After Angel has gone to Brazil and Tess’s mother and siblings have been forced out of their home because their lease has not been renewed, Alec offers to support Tess’s family if she agrees to be his mistress. While she resists, Tess eventually relents when faced with the possibility of her family being homeless. Tess has “succumbed to a system which has rewarded her materially for what it condemns morally” (DeVine 96). Despite her family now being well looked after, Tess “does not take joy in the apparent rise in social status gained through submission to Alec” (DeVine 96). Tess must sacrifice her prid
e in order to provide for her family. Before she murders Alec, Tess admits her “little sisters and brothers and [her] mother’s needs—they were the things [he] moved [her] by” (Hardy 381). Although Tess is not earning money to support her family through manual labour like she had been doing while working on the farms, Tess has the means to support her family, unlike her father. Since Tess’s father is dead at this time, she truly is the only one left to support her family. Like Mary and her imagined marriage to Harry Carson, Tess has a “constant focus on others besides herself,” associating her strongly with masculine heroes (Devereux 119).
As industrialization swept England, its effects could be felt in the urban and rural areas.
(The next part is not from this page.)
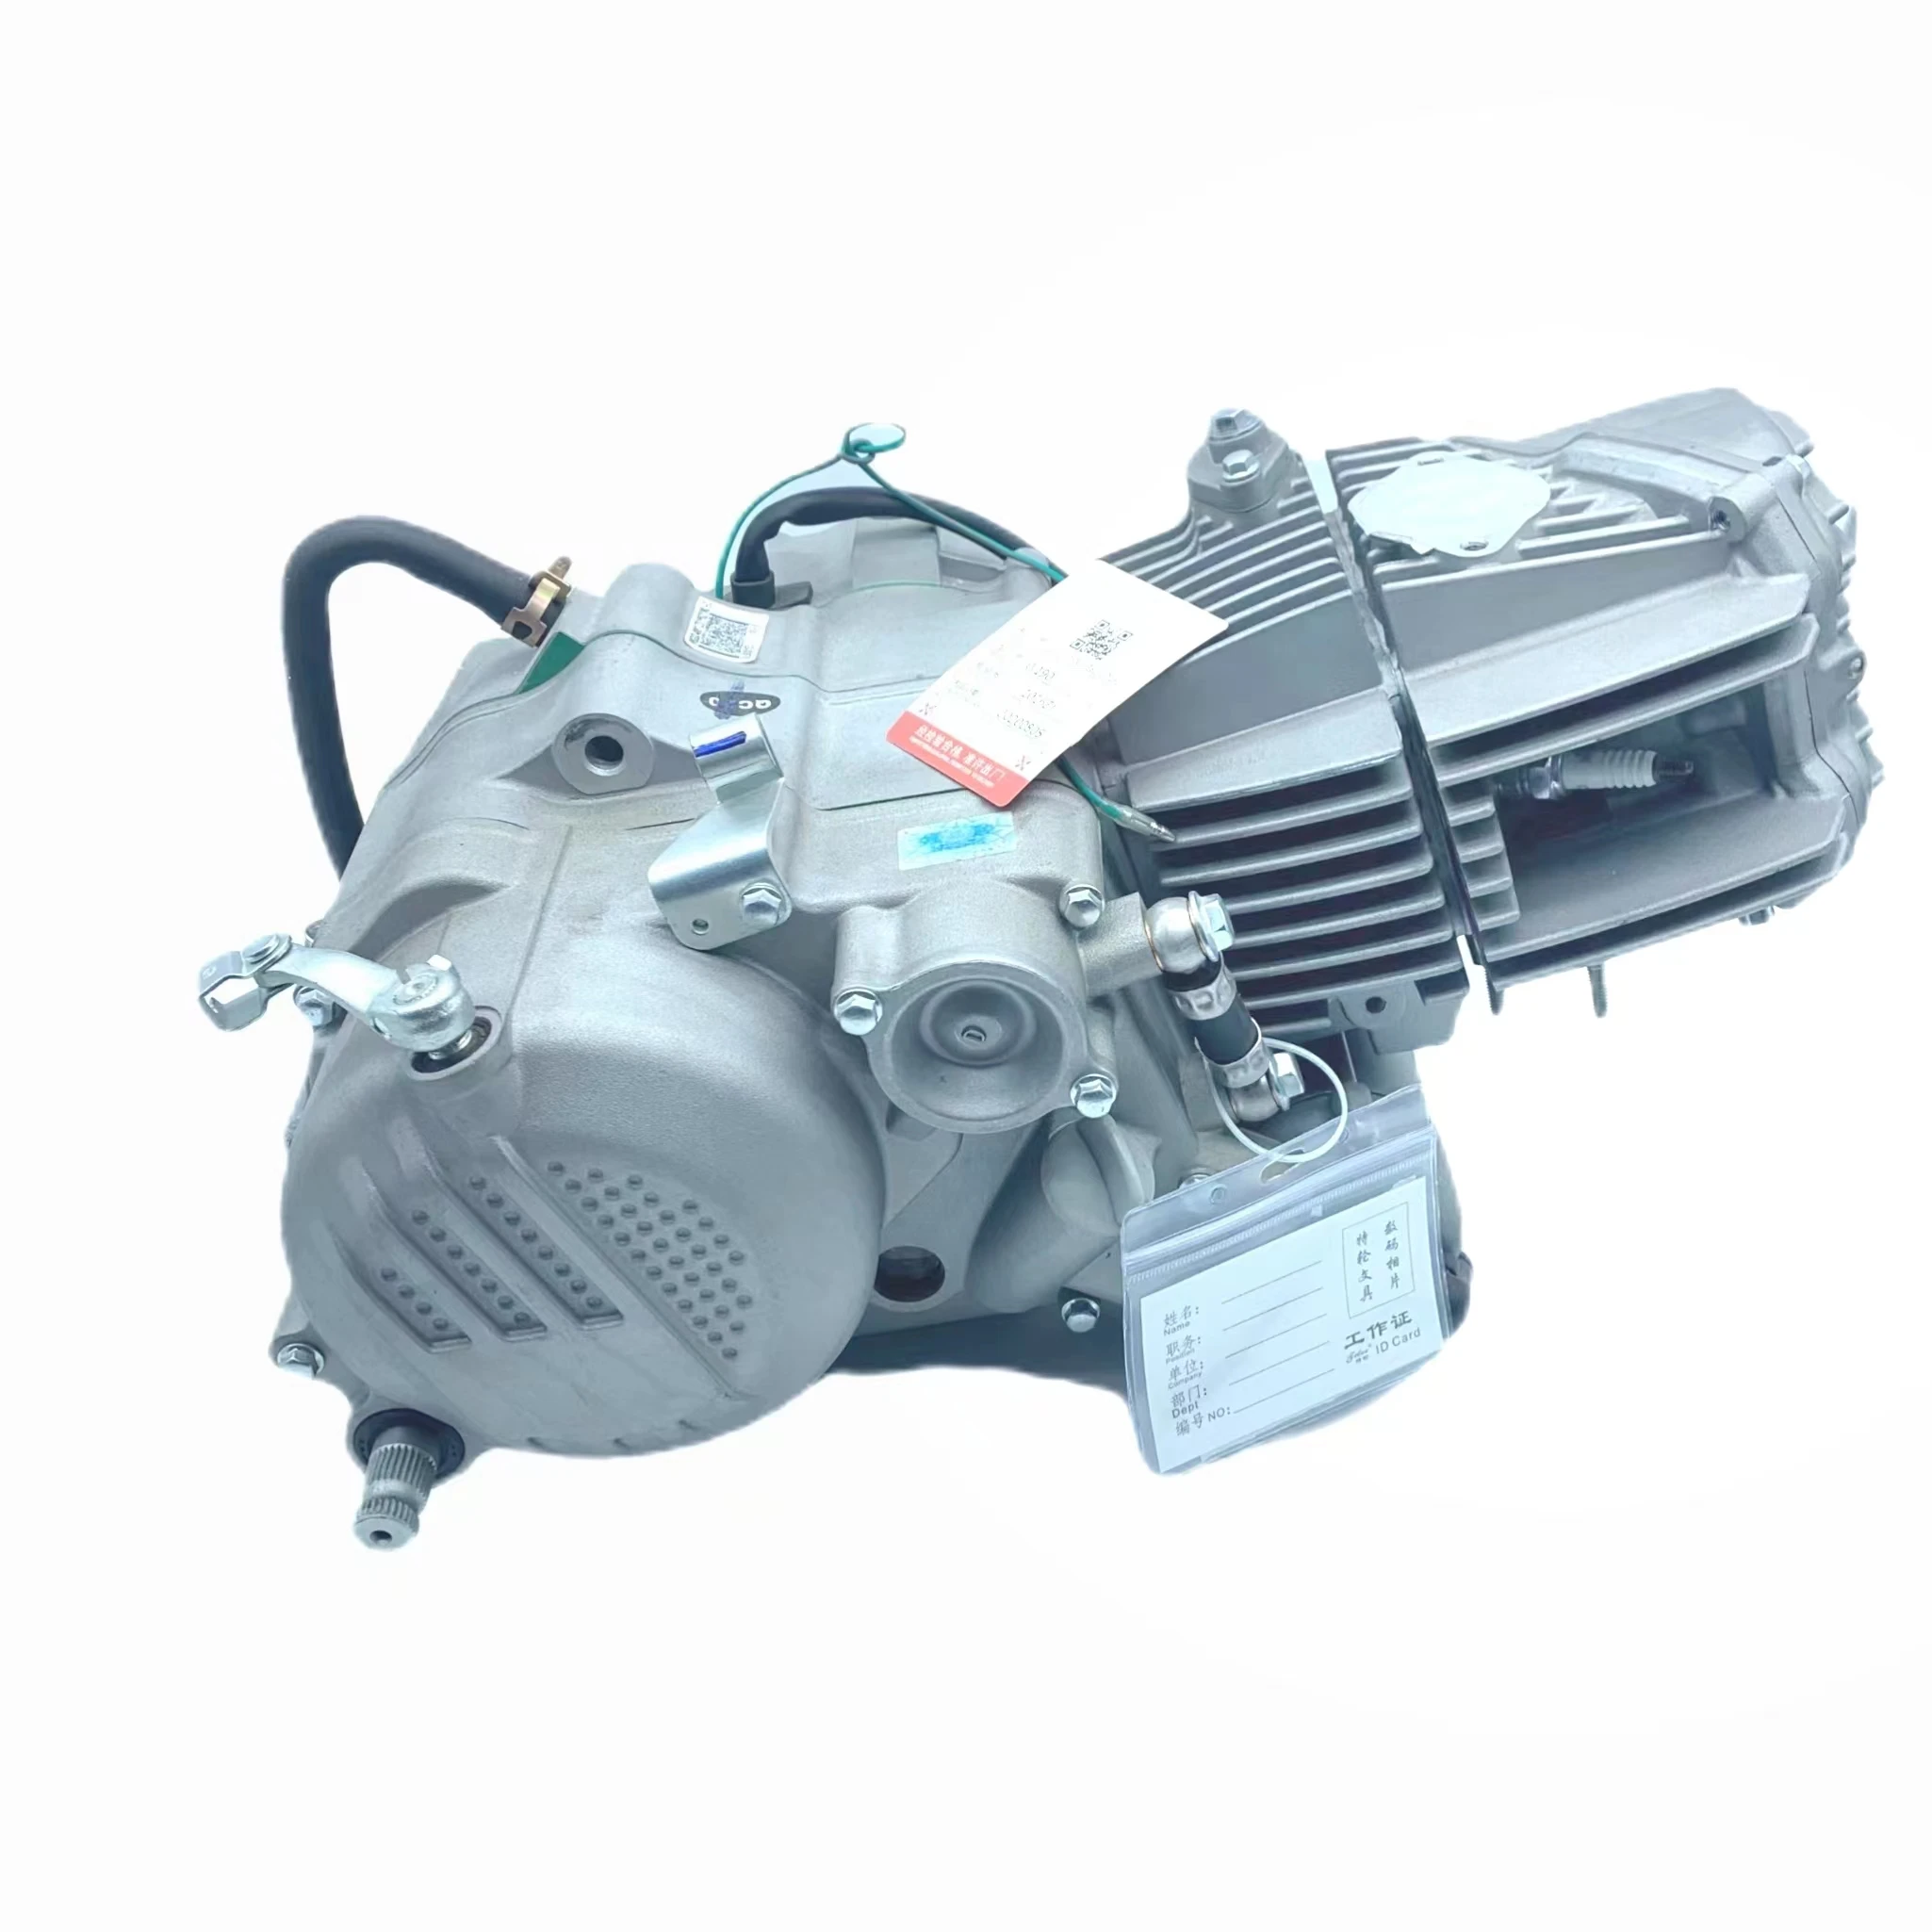 OEM Zongshen W190cc engine 4 stroke motorcycle engine assembly 190cc engine electric start suitable for off-road racing vehicles

This shift is evident in Elizabeth Gaskell’s Mary Barton and Thomas Hardy’s Tess of the D’Urbervilles, even though the novels were published forty-three years apart and take place in different parts of England. As the nature of who did work in the family changed, masculinity was threatened as women occasionally took on the role of breadwinner. Whether this is due to economic hardship, like is seen in Mary Barton, or laziness, demonstrated by John Durbeyfield, a woman becoming the breadwinner in her family reflected the eroding masculine authority that characterized the nineteenth century and paved the way for the feminist movements of the twentieth century.
Works Cited
Danahay, Martin A. Gender at Work in Victorian Culture: Literature, Art and Masculinity. Ashgate, 2005.
Devereux, Joanna. Patriarchy and Its Discontents: Sexual Politics in Selected Novels and Stories of Thomas Hardy. Routledge, 2003.
DeVine, Christine. ““A Cloud of Moral Hobgoblins”: Gender, Morality and Class in Hardy’s Tess of the D’Urbervilles.” Class in Turn-of-the-Century Novels of Gissing, James, Hardy and Wells. Ashgate, 2005.
Foster, Jennifer. “Introduction.” Mary Barton, edited by Jennifer Foster. Broadview Literary Texts, 2000, pp. 9-20.
Gaskell, Elizabeth. Mary Barton. Edited by Jennifer Foster. Broadview Literary Texts, 2000.
Hardy, Thomas. Tess of the D’Urbervilles. 2nd ed. Edited by Sarah E. Maier. Broadview Literary Texts, 2007.
Schwarzkopf, Jutta. Women in the Chartist Movement. Macmillan, 1991.
Surridge, Lisa. “Working-Class Masculinities in “Mary Barton.”” Victorian Literature and Culture, vol. 28, no. 2, 2000, pp. 331-343. JSTOR, www.jstor.org/stable/2505822.
Zlotnick, Susan. “The Fortune Fall.” Women, Writing, and the Industrial Revolution. Johns Hopkins University Press, 1998, pp. 76-122.